For an accounting concept that sounds friendly, goodwill raises hackles between investors and companies.
After decades of debate, investment analysts and chief financial officers still do not agree how to treat this bookkeeping legacy from takeover deals. The debate might sound arcane but it matters to financial analysis, and therefore to investors. For some corporates, especially acquisitive ones, goodwill can make up half or more of their total assets.
Goodwill records the excess paid for an enterprise over its net asset value when one company buys, or merges with, another. This premium ends up on the balance sheet among intangible assets once the deal completes.
The US arbiter of accounting principles, the Financial Accounting Standards Board, and the International Accounting Standards Board, are now considering changes to answer critics of this long-held accounting practice.
Before 2002 in the US, and 2004 internationally, goodwill on the balance sheet was usually just reduced over time through an annual charge to profits. Since then, however, finance departments have had to test the worth of goodwill annually recorded on the books. If it has declined, this must be recorded and reflected in the profit and loss statement. This so-called impairment test has been the form for the past two decades.
But the method is not popular with everyone. Corporates see these tests as overly complicated and costly, particularly for acquired companies long since integrated.
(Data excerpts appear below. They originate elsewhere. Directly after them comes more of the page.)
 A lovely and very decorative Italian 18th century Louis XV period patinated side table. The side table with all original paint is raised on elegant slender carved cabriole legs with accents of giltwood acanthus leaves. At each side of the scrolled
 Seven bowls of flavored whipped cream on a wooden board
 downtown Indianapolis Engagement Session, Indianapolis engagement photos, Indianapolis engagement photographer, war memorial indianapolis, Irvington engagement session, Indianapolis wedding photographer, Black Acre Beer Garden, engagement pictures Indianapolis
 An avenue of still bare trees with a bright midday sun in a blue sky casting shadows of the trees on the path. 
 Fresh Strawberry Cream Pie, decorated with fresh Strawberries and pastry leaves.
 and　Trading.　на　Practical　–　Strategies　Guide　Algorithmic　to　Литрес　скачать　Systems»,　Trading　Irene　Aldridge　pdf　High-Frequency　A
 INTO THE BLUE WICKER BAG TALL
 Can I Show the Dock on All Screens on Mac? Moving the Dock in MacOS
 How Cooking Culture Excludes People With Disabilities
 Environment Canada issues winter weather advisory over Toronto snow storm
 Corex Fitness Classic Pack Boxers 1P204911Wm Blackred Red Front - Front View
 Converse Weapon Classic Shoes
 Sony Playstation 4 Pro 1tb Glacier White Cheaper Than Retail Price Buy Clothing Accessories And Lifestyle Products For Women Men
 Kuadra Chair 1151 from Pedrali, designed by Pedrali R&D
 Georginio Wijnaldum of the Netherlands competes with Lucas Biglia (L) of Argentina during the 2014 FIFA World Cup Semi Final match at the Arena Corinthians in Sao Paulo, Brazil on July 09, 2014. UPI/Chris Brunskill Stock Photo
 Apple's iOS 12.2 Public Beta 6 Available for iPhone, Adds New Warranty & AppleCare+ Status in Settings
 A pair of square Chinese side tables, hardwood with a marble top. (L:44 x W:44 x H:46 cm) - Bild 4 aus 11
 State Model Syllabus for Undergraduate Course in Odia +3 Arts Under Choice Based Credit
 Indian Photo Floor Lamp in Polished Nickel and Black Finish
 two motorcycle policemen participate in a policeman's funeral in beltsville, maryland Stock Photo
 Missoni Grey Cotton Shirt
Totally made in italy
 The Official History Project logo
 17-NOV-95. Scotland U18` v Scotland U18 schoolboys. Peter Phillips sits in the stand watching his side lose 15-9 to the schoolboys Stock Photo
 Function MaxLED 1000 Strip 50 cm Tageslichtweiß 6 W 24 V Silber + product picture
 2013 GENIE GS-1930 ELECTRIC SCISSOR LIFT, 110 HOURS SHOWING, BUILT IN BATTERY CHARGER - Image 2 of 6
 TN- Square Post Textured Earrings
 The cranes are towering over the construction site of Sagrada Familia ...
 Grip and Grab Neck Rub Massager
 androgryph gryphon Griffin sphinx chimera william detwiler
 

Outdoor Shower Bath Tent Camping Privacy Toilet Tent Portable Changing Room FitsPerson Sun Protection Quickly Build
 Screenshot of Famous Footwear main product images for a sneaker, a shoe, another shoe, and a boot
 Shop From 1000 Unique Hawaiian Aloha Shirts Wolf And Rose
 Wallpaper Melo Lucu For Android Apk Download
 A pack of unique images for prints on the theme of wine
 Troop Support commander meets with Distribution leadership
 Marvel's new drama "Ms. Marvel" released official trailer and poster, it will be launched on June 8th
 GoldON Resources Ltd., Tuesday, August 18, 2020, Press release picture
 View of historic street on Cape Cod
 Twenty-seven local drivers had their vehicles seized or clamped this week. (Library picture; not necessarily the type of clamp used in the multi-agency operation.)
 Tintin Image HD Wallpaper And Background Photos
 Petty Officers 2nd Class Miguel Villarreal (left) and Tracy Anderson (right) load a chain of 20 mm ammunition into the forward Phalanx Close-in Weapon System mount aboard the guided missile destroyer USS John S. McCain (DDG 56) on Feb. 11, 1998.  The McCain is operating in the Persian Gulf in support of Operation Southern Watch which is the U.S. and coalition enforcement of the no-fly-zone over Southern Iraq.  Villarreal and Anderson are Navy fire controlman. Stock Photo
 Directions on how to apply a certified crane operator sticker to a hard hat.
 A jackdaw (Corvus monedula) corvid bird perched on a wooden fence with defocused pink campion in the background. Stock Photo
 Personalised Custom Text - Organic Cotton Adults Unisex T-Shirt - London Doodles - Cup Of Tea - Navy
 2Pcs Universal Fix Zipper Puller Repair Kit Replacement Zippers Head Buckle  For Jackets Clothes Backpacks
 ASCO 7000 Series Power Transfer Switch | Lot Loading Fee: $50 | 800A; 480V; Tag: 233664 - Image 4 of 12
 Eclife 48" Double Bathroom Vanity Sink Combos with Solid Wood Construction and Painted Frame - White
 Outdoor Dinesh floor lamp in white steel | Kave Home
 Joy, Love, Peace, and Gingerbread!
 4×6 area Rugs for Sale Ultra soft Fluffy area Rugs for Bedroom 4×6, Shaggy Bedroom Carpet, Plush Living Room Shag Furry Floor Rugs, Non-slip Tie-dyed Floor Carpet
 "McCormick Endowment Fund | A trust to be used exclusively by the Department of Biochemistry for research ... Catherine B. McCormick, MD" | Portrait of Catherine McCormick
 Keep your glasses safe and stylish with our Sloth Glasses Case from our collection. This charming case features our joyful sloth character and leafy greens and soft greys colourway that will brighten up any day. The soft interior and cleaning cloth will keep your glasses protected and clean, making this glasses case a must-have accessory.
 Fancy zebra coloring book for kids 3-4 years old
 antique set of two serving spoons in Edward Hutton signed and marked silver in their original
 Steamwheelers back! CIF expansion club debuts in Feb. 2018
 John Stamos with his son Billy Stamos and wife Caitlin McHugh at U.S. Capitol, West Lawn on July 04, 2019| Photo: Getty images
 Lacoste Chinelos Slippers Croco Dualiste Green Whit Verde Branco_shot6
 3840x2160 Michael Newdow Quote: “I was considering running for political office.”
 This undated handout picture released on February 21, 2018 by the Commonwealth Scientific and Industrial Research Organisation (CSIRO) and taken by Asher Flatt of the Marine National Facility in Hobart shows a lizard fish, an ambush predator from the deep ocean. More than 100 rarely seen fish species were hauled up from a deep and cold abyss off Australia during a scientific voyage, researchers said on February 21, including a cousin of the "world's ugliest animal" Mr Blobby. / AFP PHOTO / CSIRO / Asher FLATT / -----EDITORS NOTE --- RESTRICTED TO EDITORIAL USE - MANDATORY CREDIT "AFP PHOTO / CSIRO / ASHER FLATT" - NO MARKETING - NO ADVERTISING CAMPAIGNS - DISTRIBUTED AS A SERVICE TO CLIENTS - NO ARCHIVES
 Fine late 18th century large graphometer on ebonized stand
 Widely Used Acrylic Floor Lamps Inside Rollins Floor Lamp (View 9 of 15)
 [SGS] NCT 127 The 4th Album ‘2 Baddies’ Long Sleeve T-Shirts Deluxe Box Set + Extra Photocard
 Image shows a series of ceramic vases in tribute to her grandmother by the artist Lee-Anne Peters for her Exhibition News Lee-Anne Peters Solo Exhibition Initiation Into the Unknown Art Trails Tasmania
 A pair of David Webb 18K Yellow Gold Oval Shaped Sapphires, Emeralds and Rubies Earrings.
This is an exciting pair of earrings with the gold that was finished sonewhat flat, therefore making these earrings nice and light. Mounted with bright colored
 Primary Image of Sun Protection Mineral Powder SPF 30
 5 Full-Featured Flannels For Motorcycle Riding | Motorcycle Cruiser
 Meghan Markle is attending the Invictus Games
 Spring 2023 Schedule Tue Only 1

Investors and analysts dislike them for other reasons.
Occasionally, goodwill tests have led to huge hits to profits. Recall that US food group Kraft Heinz wrote down its goodwill by over $15bn for the final quarter of 2018 — pushing the company deep into loss for the full year. The move confirmed that Heinz had overpaid for Kraft in its merger three years earlier.
These types of profit implosions do not affect operating cash flow, but do cause earnings volatility. Some analysts prefer predictable reductions of goodwill to grenades going off in a company’s accounts several years after an acquisition.
They favour a steady reduction, or amortisation as it is known, of goodwill. This method would prevent what happens today: goodwill growing in size relative to other intangible and fixed assets, which are reduced in value over time. Currently, the FASB is sympathetic to a return to amortisation (over a ten year period); the IASB less so.
However, without a regular assessment of this intangible asset, financial analysts really cannot be sure of a company’s true worth. Theoretically, without a proper valuation of goodwill, CFOs would have a free pass to overstate the value of their assets, argues accountancy analyst Sue Harding.
Screen out non-financial US listed companies with market values over $100m and one finds 341 for which goodwill alone makes up at least a third of total assets, according to Bloomberg data. Much depends on the sector. Media and software technology companies can have more intangible assets, some of which is goodwill. But this list also includes large manufacturers. But this list also includes large manufacturers such as Procter & Gamble and Thermo-Fisher, a maker of medical equipment. In Europe this screening produces Anheuser-Busch InBev, for which goodwill makes up over half of assets.
Big cuts to goodwill can also affect the net asset value of an enterprise. But at least this occurs after a test of the goodwill’s value. Smoothing via amortisation masks any decline in the performance of the purchased companies. It assumes goodwill is a wasting asset, too, as with heavy equipment. That is debatable, and even the FASB says it does not wish to see impairment tests completely disappear.
Frankly, adding another adjustment to earnings, an annual goodwill charge, will only make messy earnings reports worse. Regulators generally do not accept goodwill as reducing income tax expense, so more charges would only amplify net earnings volatility. Already investors often ignore a company’s reported earnings, based on local accounting principles, in favour of adjusted figures.
Given all this, it may be best to leave a properly performed goodwill impairment test method in place, however much CFOs complain about the expense and complication. Amortisation would provide zero insight on company performance. Maintaining the annual discipline of goodwill assessment is a good thing for governance and investors.